On 5 March 2013, in a stormy council meeting, the Conservative majority of Hillingdon Council's planning committee members approved the application to build a school on the park, despite residents and Hayes ward councillors expressing their anger in the chamber. Hayes and Harlington MP John McDonnell was one of five petitioners who spoke on behalf of hundreds of campaigners to strongly oppose the idea of building on Lake Farm. Speaking after the meeting, Mr McDonnell observed: "It was not democratic, and I've never seen a council meeting descend into such a shambles . . . The council's agenda is clear - once they have built on one part, they will come back for more."

The Uxbridge Gazette reported on 24 April 2013 that London's Mayor Boris Johnson, who at the beginning of the year had raised major concerns about the idea of building on Lake Farm, would not intervene in Council plans to build a school on three hectares of green belt land, at the eastern end of Lake Farm Country Park. The Mayor's approval infuriated John McDonnell MP, who called it a "disgraceful betrayal of our local community." Conservative leader of the council Ray Puddifoot claimed: "Opponents of the scheme have been given every opportunity to come up with an alternative site, but nothing feasible has materialised so we need to press ahead with the agreed proposal."

==Flora and fauna==
Most of the site is open grassland and shrubs, which Hillingdon Council have described as "important for wildlife". A trim trail ran through the site, which was recognisable by its skylark sculpture.

The site has a diverse habitat structure, including areas of ditch, hedgerow, grassland and ruderal/tall herbs.

Lake Farm is a popular habitat for birds. It is home to skylarks, which are included in the UK Biodiversity Action Plan for threatened species. In July 2012 birdwatchers descended on the park to catch a glimpse of a red-backed shrike, which is extremely rare in the United Kingdom.

==Facilities and features==
The Country Park features a bird sculpture by Ben Dearnley, who came to prominence as Official Olympic Artist for London's 2012 Olympics.

Two areas of more formal open space are situated in the north-western and north-eastern corners of the park, which includes short-mown grass, planted trees and a children's play area.
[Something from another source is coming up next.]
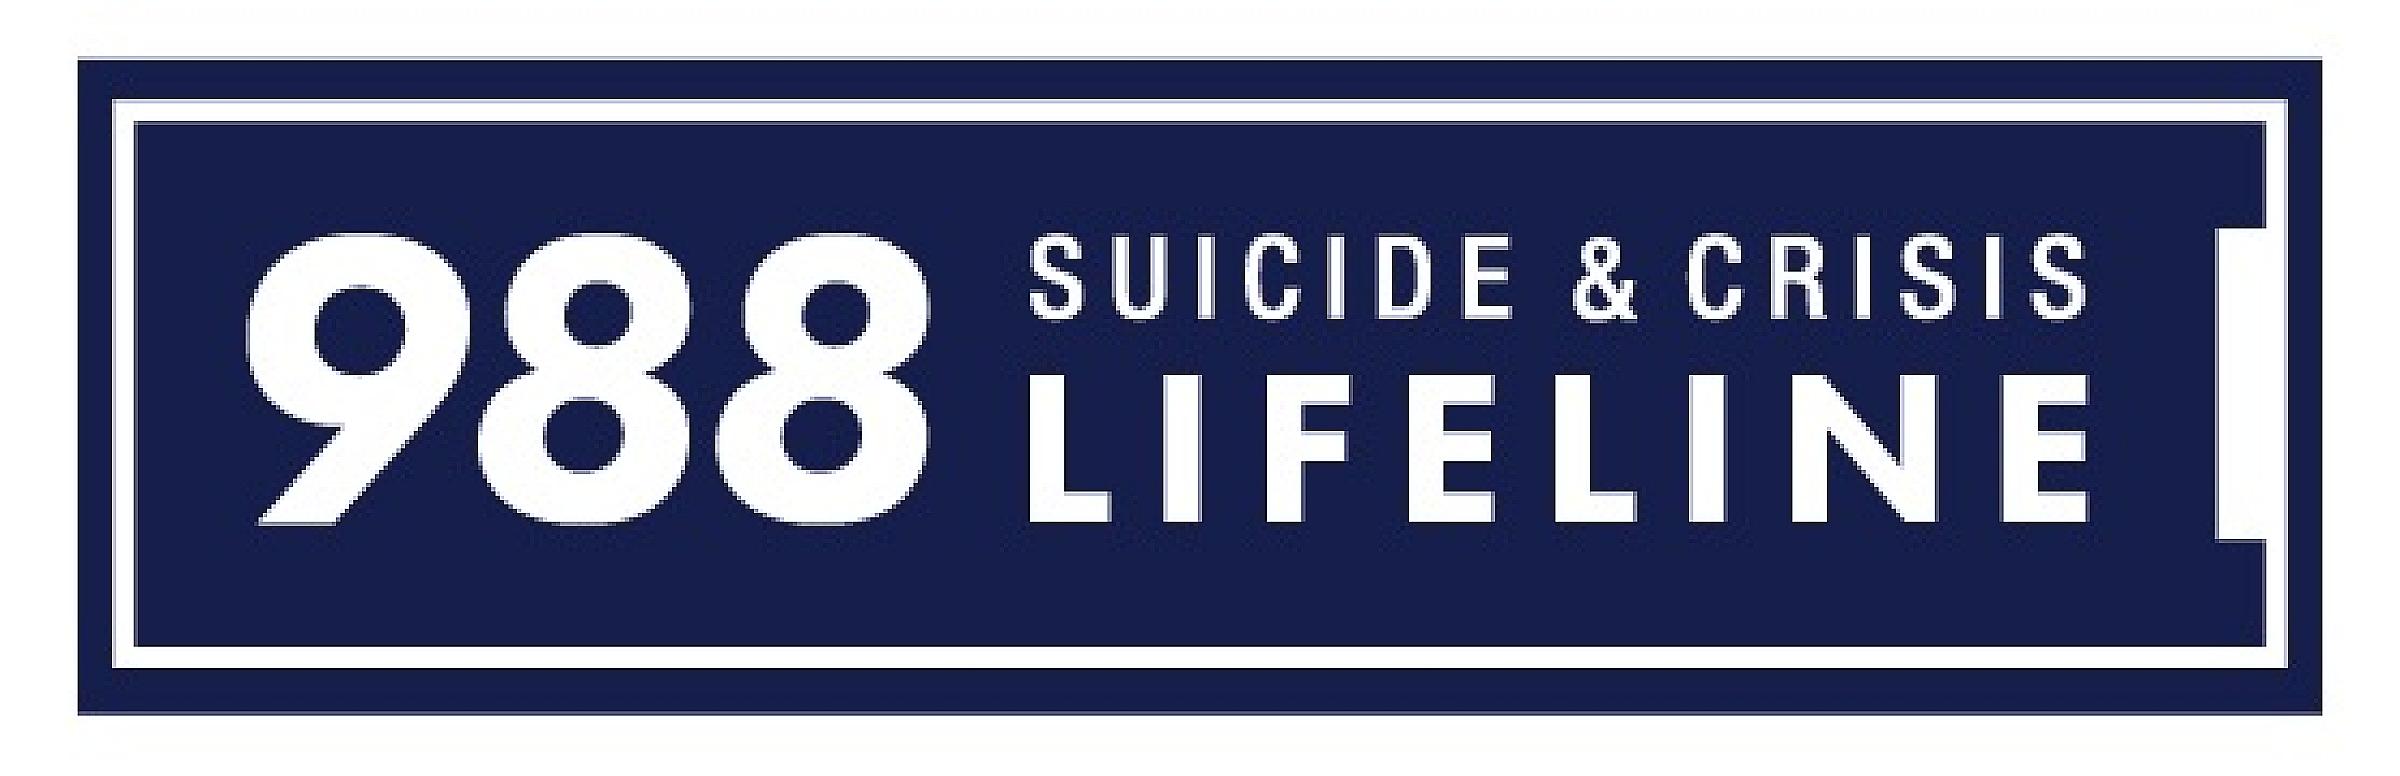 Picture of 988 suicide and crisis lifeline logo in a navy blue rectangle

Circular footpaths link in with local roads and the canal, and the area is popular for dog walking as can be seen by the presence of dog bins. There is a BMX track on the western edge of the site.

==Transport==

===Buses===
The Bus route A10 and 350 use Dawley Road, and U4 and 350 use Botwell Lane. Hayes town centre is 500 metres away, with its many other regular bus services.

===Rail===
The closest railway station is Hayes & Harlington which is a little over 1 km walk along the canal.

===Car===
A car park is present off Dawley Road, which is only opened for events. Informal parking is allowed on the drive leading to the car park at other times.

==Management==
The area has a Management Advisory Group, and a Friends of Lake Farm Country Park Group.